Oh, I see. At the timestamp, the board is on the position right before checkmate. Well, just know that White moved their pawn to g7 on the following move, and that was indeed checkmate.
@@isavenewspapers8890Yeah, I was confused by that, too 😅
This is really really impressive
Gotham doesn’t even know that point advantage isn’t everything, position and development matter too lmao
I call this opening the delayed Scandinavian counter Bongcloud advanced variation 2: Blunder Boogaloo
This video is a masterpiece, a piece of art , indeed. Ellegant narration of a thrilling accomplishment.
16:19 +103
And lose
he said the highest possible material advantage and lose
If you really think about it, if there was a chess variant in which you lose in order to win, this would be a normal game, and in fact WorstFish would be a top engine!
Instant edit: I don't actually know for sure this variant doesn't already exist, if it does than we need to match this bot with people!
worstfish would actually be one of the worst engines for that variant because it assumes that it itself will play perfectly in the future (and so does the other player).
Its pretty much an engine that can only look into the worst moves at depth 1 and it will self sabotage itself into being unable to strategize because its position evaluation only maximizes "worstness" for one move (and for depth 2+ it actually self-sabotages because it maximizes for the best move again)

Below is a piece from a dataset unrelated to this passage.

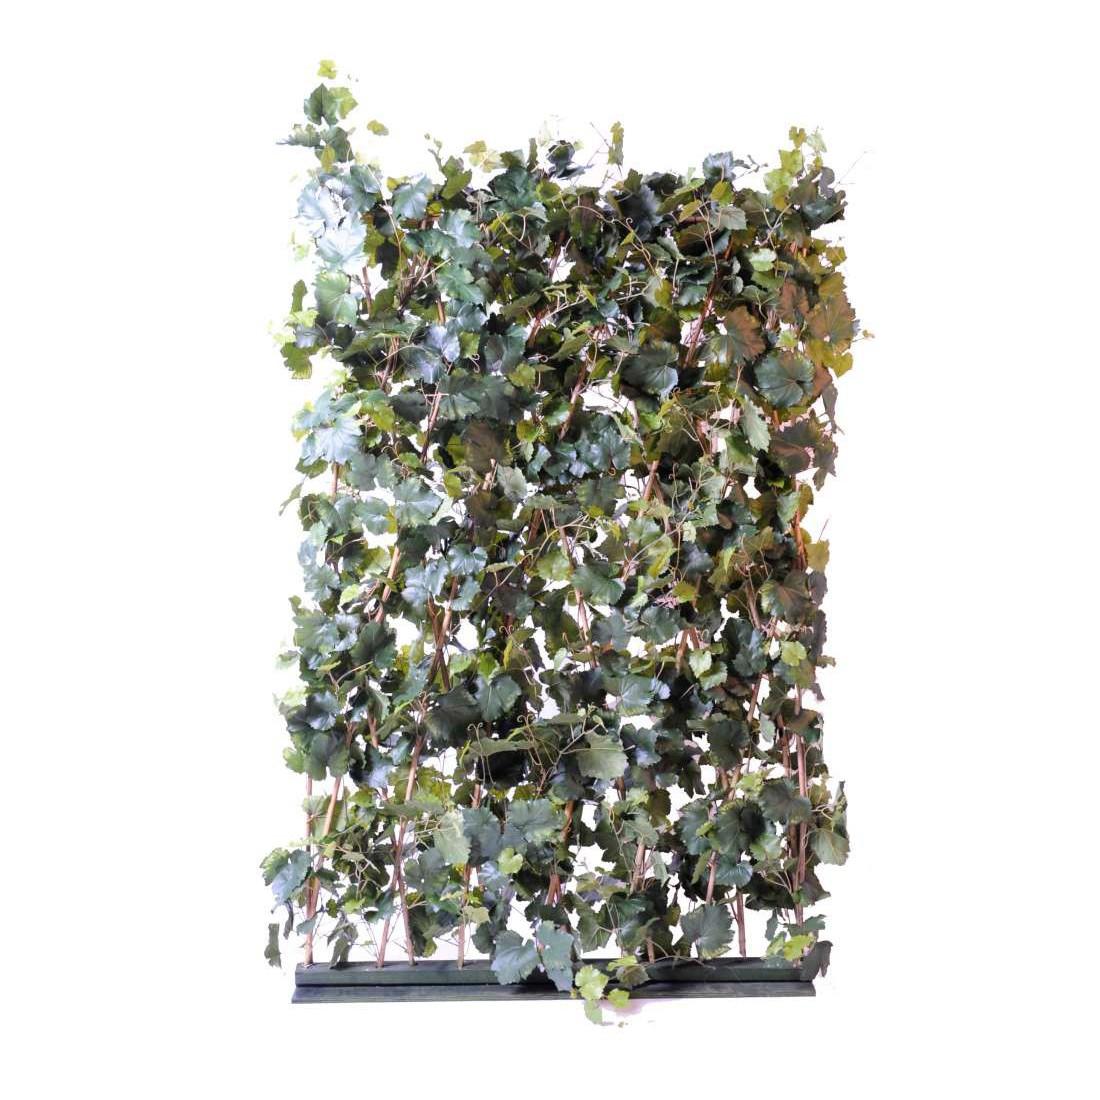 haie artificielle de vigne 180 cm haies et murs vegetaux. Black Bedroom Furniture Sets. Home Design Ideas

@@hypnogri5457 This comment doesn't really make any sense to me.
If you take into account how engines work, the search process, and the depth of the expanding tree of moves looked at, it makes sense that if you programmed stockfish to provide the move that made last place in the overall evaluation, it means that this move made it to the last place in the deep search of the 20/30/etc. move depth.

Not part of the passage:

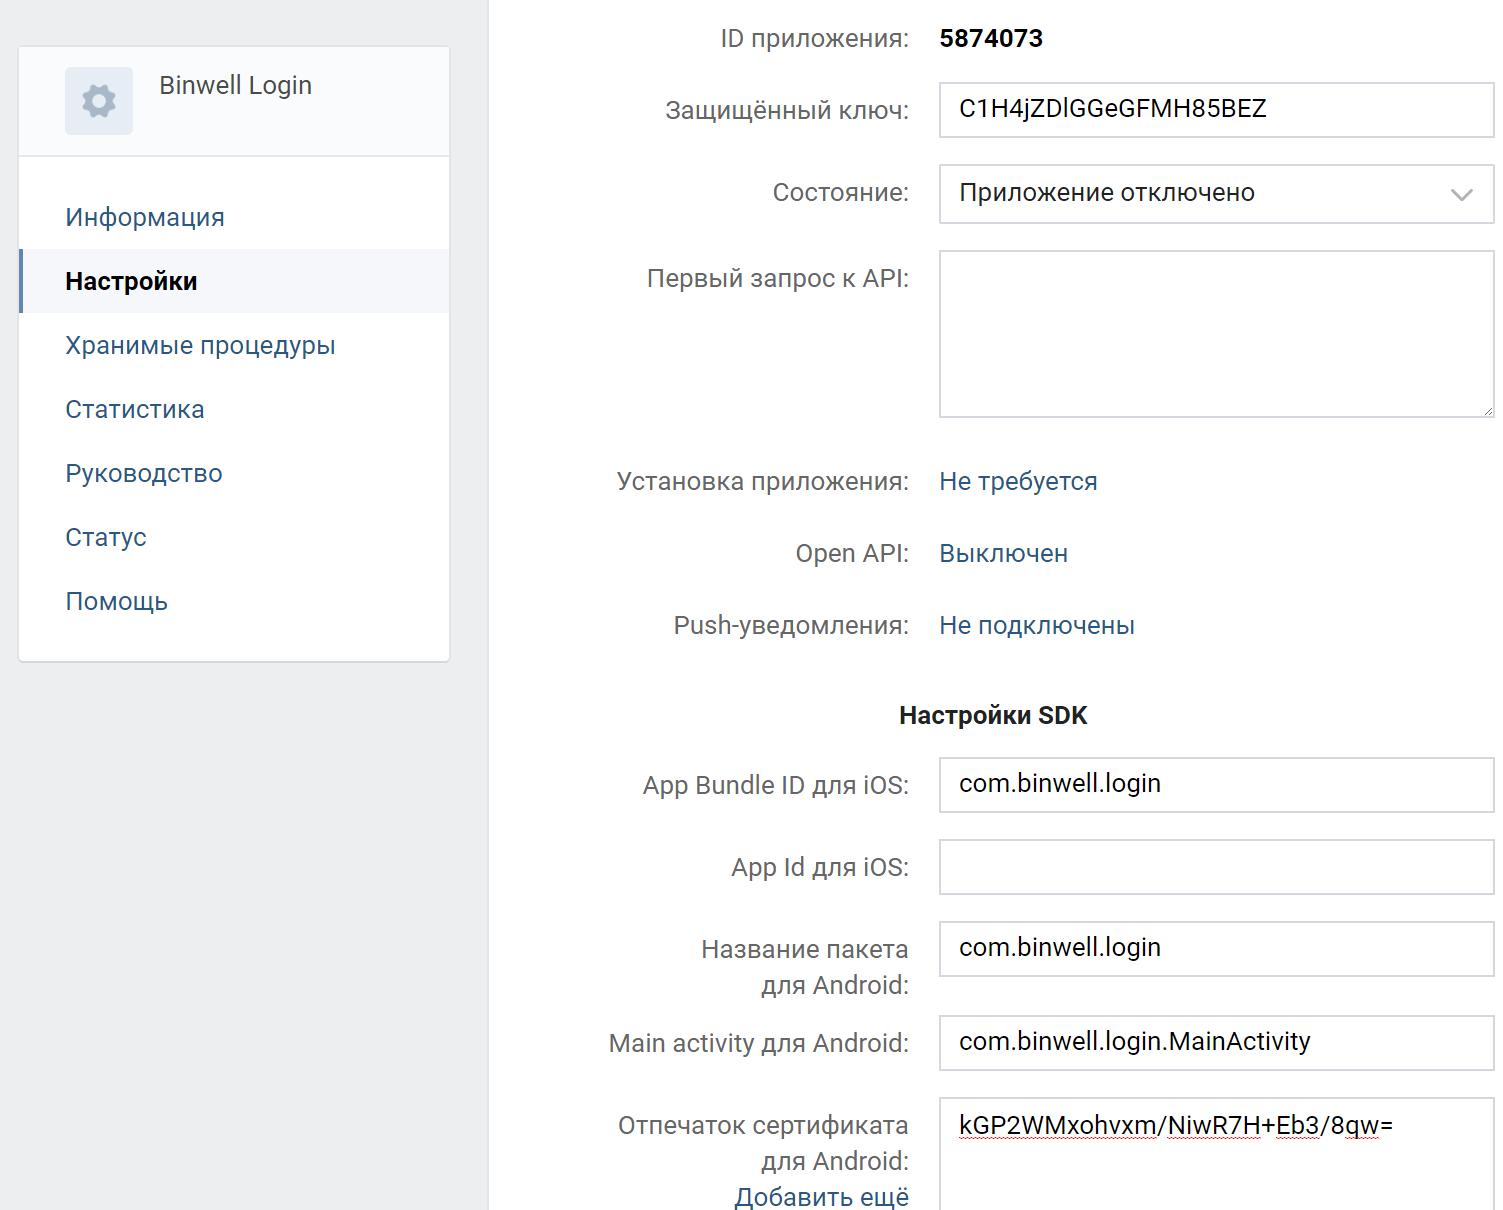 Подключаем ВКонтакте SDK для Xamarin.Forms - 3

The meaning is that it would be the worst move in a tree of evaluations, with the same depth and searching process as the move that came first (the best move).
(Basically it's the worst move as far as the evaluation goes, for the next 30 moves (given that the depth is 30), not just for one move)

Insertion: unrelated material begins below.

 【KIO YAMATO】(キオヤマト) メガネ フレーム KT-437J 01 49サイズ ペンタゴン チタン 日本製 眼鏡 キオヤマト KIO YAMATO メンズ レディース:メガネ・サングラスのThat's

@@1GMitzy you are correct that its the worst move evaluated by stockfish up to depth X. But stockfish always assumes that it plays perfectly at any depth after the move you are currently trying to evaluate. What it basically does:
1. play a move
2. evaluate the position after the move has been played according to stockfish up to depth X.
3. repeat for all moves
4. pick the move with the worst evaluation according to step 2. (maximize according to the badness-criteria of worst eval)(this is what I call depth 1, I dont actually mean depth, so that was confusing. )
So what I mean is that its only maximizing according to "badness" one move deep. Internally stockfish evaluates the position using the "goodness" criteria of a good eval.
edit: it only thinks about maximizing badness for one move and thats the first one. The evaluation up to depth X tries to maximize goodness again. It basically is chosing the move that will make the game as hard as possible to recover from with perfect play from both parties
you can see the flaw of this in this worstfish game I found on lichess:
r2qkbnr/pb1p3p/3p4/1pp1KPp1/1n6/8/PPPP1PPP/R1BQ1BNR w kq - 0 10
Worstfish accidentally wins in 9 moves as black because it was unable to see further than one move into the future. It totally missed the tactic from the opponent because it selfsabotaged itself thinking that both are going to play perfectly after each move
@@1GMitzy a loss in 9 moves is proof enough that its a very bad engine in the game of "play-bad"-chess. I assume that an engine made by an amateur will probably be able to beat worstfish at bad chess. I think I saw one in another video that talked about this very topic and that one was made properly
If i was this bot i'd be embarassed of myself.
Worstfish is so good at chess, he always selectively plays the worst moves.